[CV] OpenCV에서 Yolo 이용한 Object Detection

박경민·2023년 10월 14일

[Computer Vision]

목록 보기

25/25

Pretrained 된 Inference 모델 로딩 방법

Weight 모델, config 파일을 Darknet 사이트에서 다운한다 (https://pjreddie.com/darknet/yolo/)
cv2.dnn.readNetFromDarknet 으로 pretrained된 inference 모델을 로딩한다
주의) readNetFromDarknet 에서 config 파일인자는 weight 파일 인자보다 먼저 위치한다. (config파일, weight 파일) 순이다.

Detection 결과 추출

최종적으로 Darknet 고유한 모델에서 3개의 detection 결과를 도출하게 되는데, (FPN 때문에) 이때 추출할 레이어는 82번, 94번, 106번이었다. 이에 해당하는 레이어에서 Object Detection 결과를 각각 추출하고 (코드를 쓰고) NMS 로 최종 결과를 필터링 해야한다.

최종적으로 85개의 구성에서 bbox 정보를 추출한다.

bbox 4개 좌표, 1개 Objec Score, 80개 class score
clas id, class score: 가장 높은 값의 인덱스

Detected 된 좌표는 center(중심 x, y), width, height 값이므로 이를 가지고 좌상단, 우하단으로 변경한다.

OpenCV Darknet Yolo이용 Object Detection (with Code)

이제 Inference 수행하는 것을 코드와 함께 보자. 해야할 일을 정리하면 다음과 같았다.
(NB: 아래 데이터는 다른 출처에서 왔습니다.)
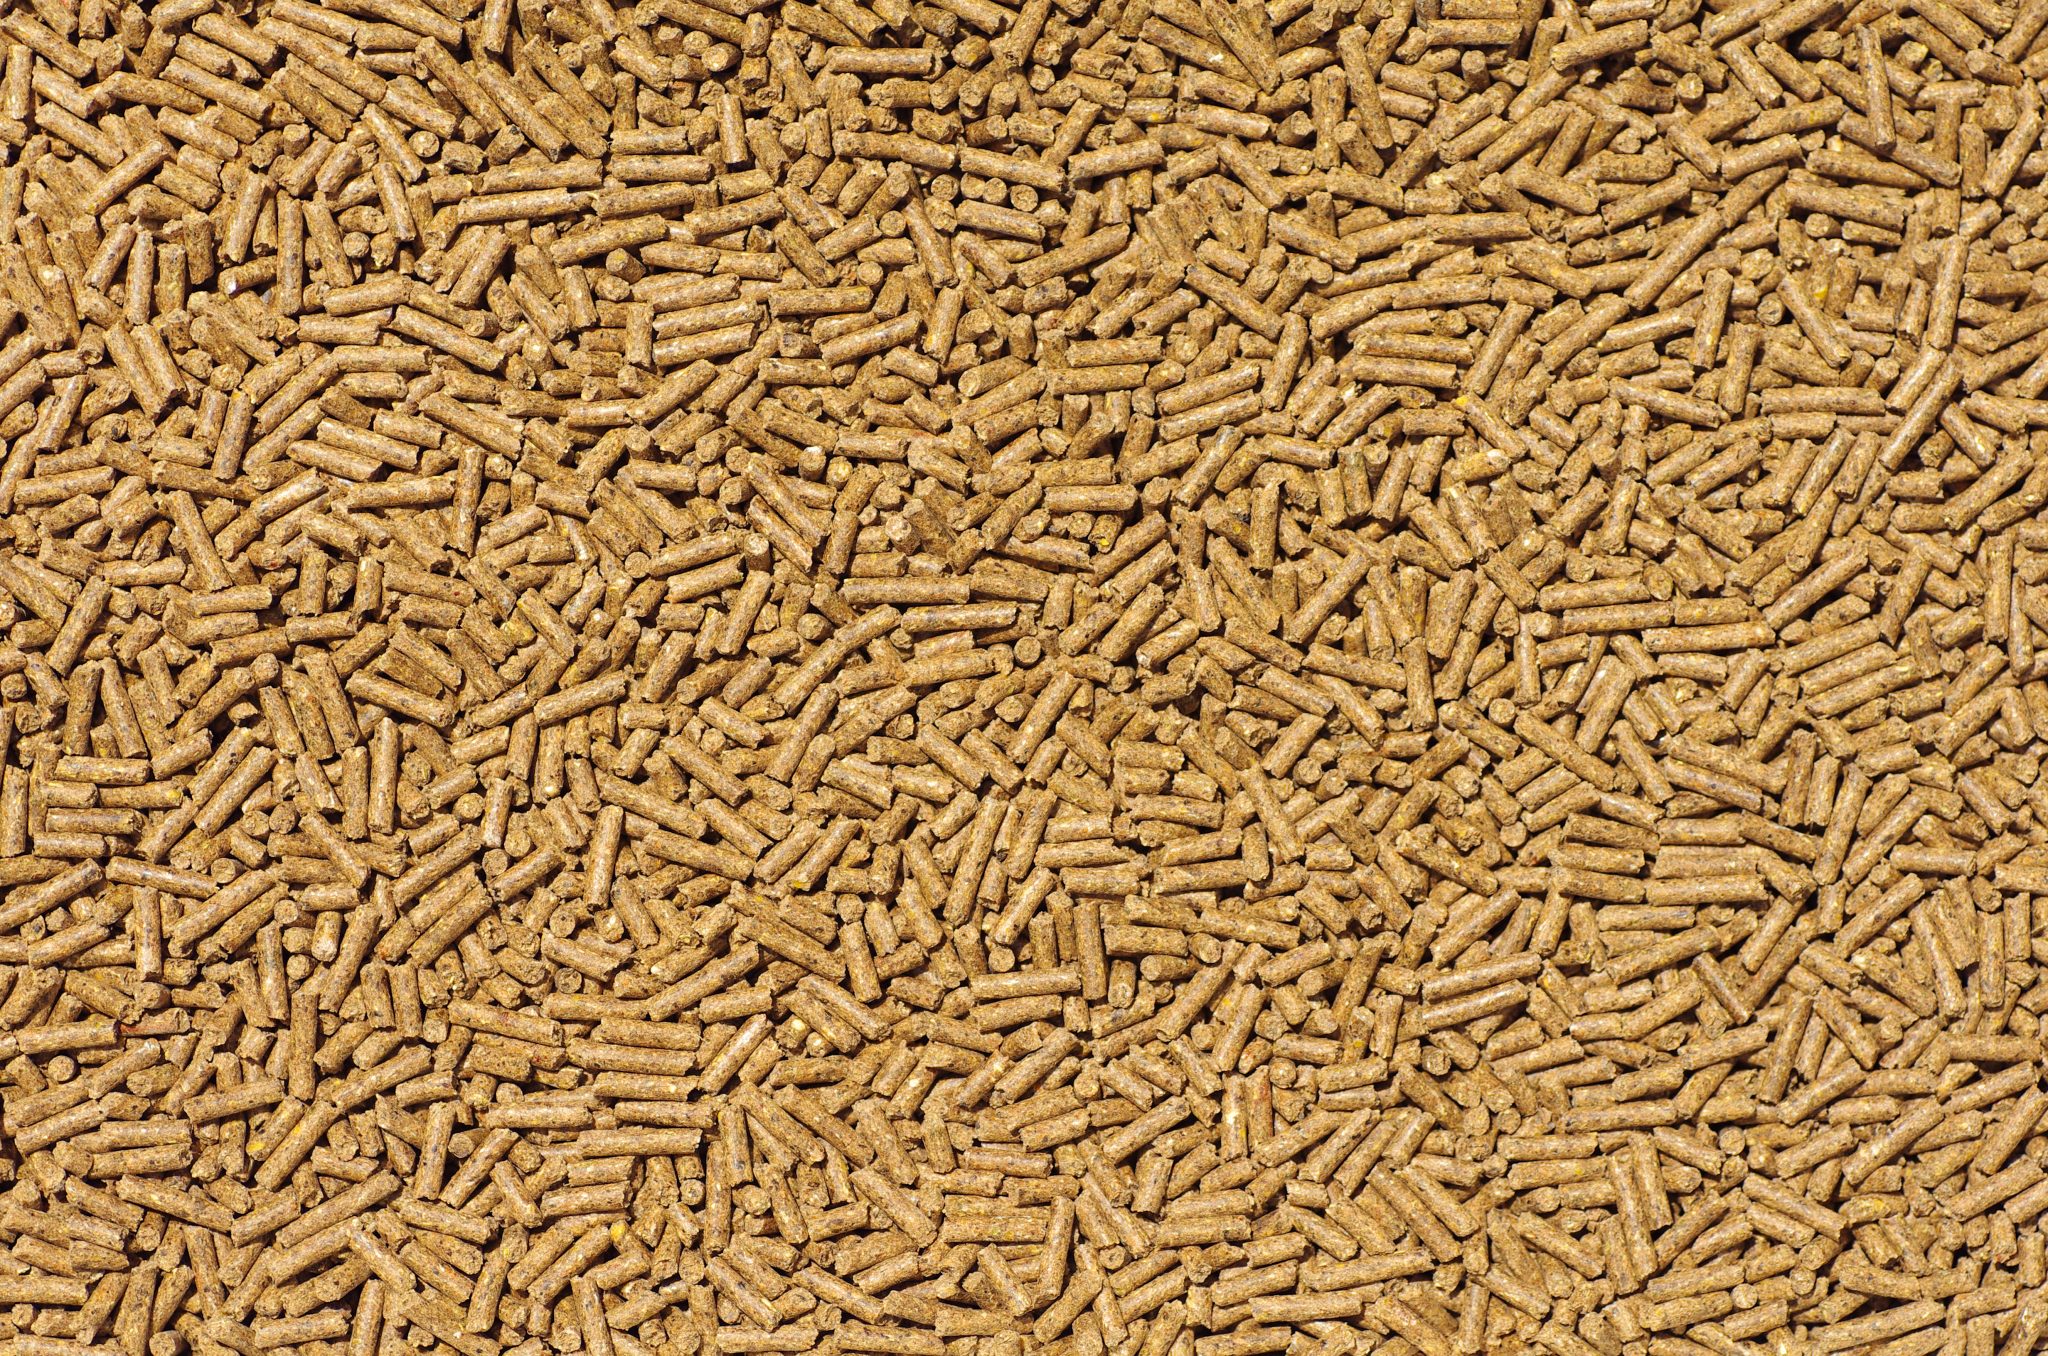 Close-up on livestock feed pellets

Pretrained model (config, weights) 로딩
레이어 3개에서 Object Detection 결과 추출
NMS

✅ Pretrained model 로딩
현재 로딩해볼 것은 다음 링크 2개에 있는 yolo3 모델이다.

코랩에서 실행한다고 가정할 때, !mkdir 로 디렉토리를 만들어주고 !wget -O [output경로][다운로드 경로] 를 실행해주면 된다.

!mkdir ./pretrained
!echo "##### downloading pretrained yolo/tiny-yolo weight file and config file"
!wget -O /content/pretrained/yolov3.weights https://pjreddie.com/media/files/yolov3.weights
!wget -O /content/pretrained/yolov3.cfg https://github.com/pjreddie/darknet/blob/master/cfg/yolov3.cfg?raw=true

tiny 모델도 다운받아보자.

!wget -O /content/pretrained/yolov3-tiny.weights https://pjreddie.com/media/files/yolov3-tiny.weights
!wget -O /content/pretrained/yolov3-tiny.cfg https://github.com/pjreddie/darknet/blob/master/cfg/yolov3-tiny.cfg?raw=true

이제 cv2.dnn.readNetFromDarknet 으로 모델을 로딩하면 된다. 주의해야 할 것은 이때의 경우 config, 가중치 순서이다.

import os
import cv2

weights_path = '/content/pretrained/yolov3.weights'
config_path =  '/content/pretrained/yolov3.cfg'
#config 파일 인자가 먼저 옴. 
cv_net_yolo = cv2.dnn.readNetFromDarknet(config_path, weights_path)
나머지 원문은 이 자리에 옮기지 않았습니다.